One substantive issue remains: How is the initially planned eye movement in fact cancelled? With respect to cancellation of saccades, the visual world paradigm resembles, at times, a double-step
paradigm. Double-step procedures in eye-movement research involve a target appearing in one location, to which an eye movement is prepared, and shortly after, a second target appearing at a new location (depending on the task, the first target may remain onscreen or may be replaced by the second). If the interval between the two steps is short (around 100 ms), participants will often inhibit the planned saccade to the first target and respond with a single saccade toward the second target – accrual of information in one channel blocks, or (in more recent formulations) competes with (and can therefore inhibit), processing in another; e.g. Becker and Jurgens (1979
, see Ray, Schall, & Murthy, 2004
, for an account of double-step saccade sequences compatible with the guided activation theory of cognitive control cited earlier, and Findlay & Walker, 1999
, for an account of saccade generation based on competitive inhibition). In the visual world paradigm, the equivalent situation occurs when an eye movement is planned towards one location (the first step), but the unfolding language suggests another location (the second step); in the cases reported here from Studies 1 and 2, the first step corresponds to the endogenously cued location towards which the eyes are initially programmed, regardless of the language, and the second corresponds to the location exogenously cued by the earliest moments of the language (this is not the only way in which the double-step concept applies to the visual world paradigm – later in the sentence, both steps could be linguistically mediated, or other exogenous or indeed endogenous processes could cause double-step-like behavior). Within this double-step interpretation of the data, cancellation of saccades is a natural behavioral phenomenon (another phenomenon associated with competition between alternative locations to which a saccade might be directed concerns saccadic curvature (e.g. Walker, McSorley, & Haggard, 2006
), although saccadic trajectories were not assessed in the current study).

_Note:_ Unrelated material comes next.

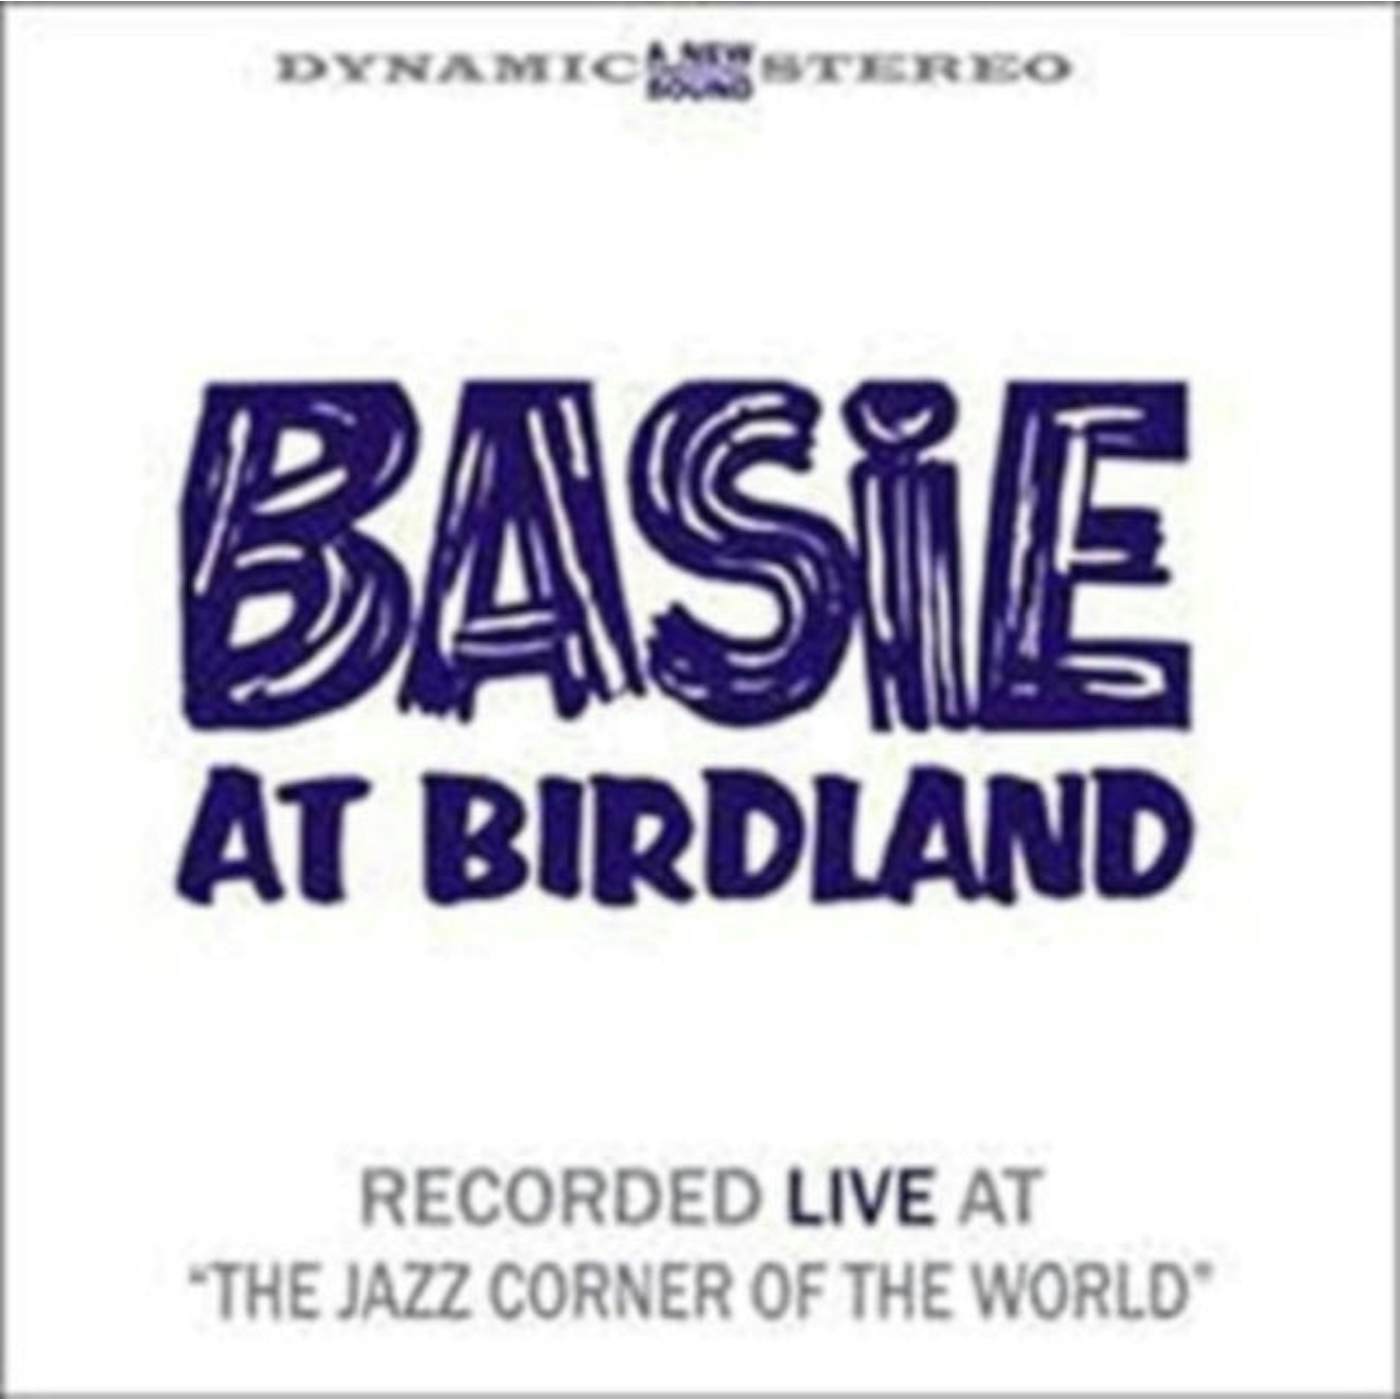 Count Basie LP - Basie At Birdland (Vinyl)

This raises, however, a secondary, but equally important issue: in the double-step paradigm, inhibition of the initially planned saccade is due to an alternatively cued target that triggers an alternative plan, but in the account of the present data given above, this inhibition is due to mismatch
against information associated with the initially planned saccade. On the face of it, these are two very different phenomena. However, an alternative (competition-based) perspective on the double-step phenomenon is that the accrual of information during the planning of the first saccade, but which pertains to the planning of the second step (cf. parallel programming of saccades; Walker & McSorley, 2006
), inhibits the first saccade precisely because it mismatches the information that constitutes the plan for the first saccade. To return to the data above: The mismatch that arises between /m/ and the phonological information associated with the targeted location to which the initial saccade is planned is accompanied by a match
between the /m/ and the phonological information associated with other locations in the scene (although recall that the match/mismatch could also arise at the conceptual level). The visual world paradigm relies, generally, on the fact that the objects in the scene are already known by the time the language comes along – activating conceptual representations in response to a word such as ‘girl’ causes the eyes to move towards the girl in the scene precisely because the location of that girl is already known (again, see Altmann & Kamide for a mechanistic account of this process). Thus, mismatch
in the visual world paradigm (assuming that the sentence does felicitously apply to the depicted scene) is necessarily accompanied also by match
. Hence the competitive planning processes which, in the more typical double-step paradigm, result in cancellation or inhibition of the initially planned saccade (and which might result also in influences on saccadic curvature).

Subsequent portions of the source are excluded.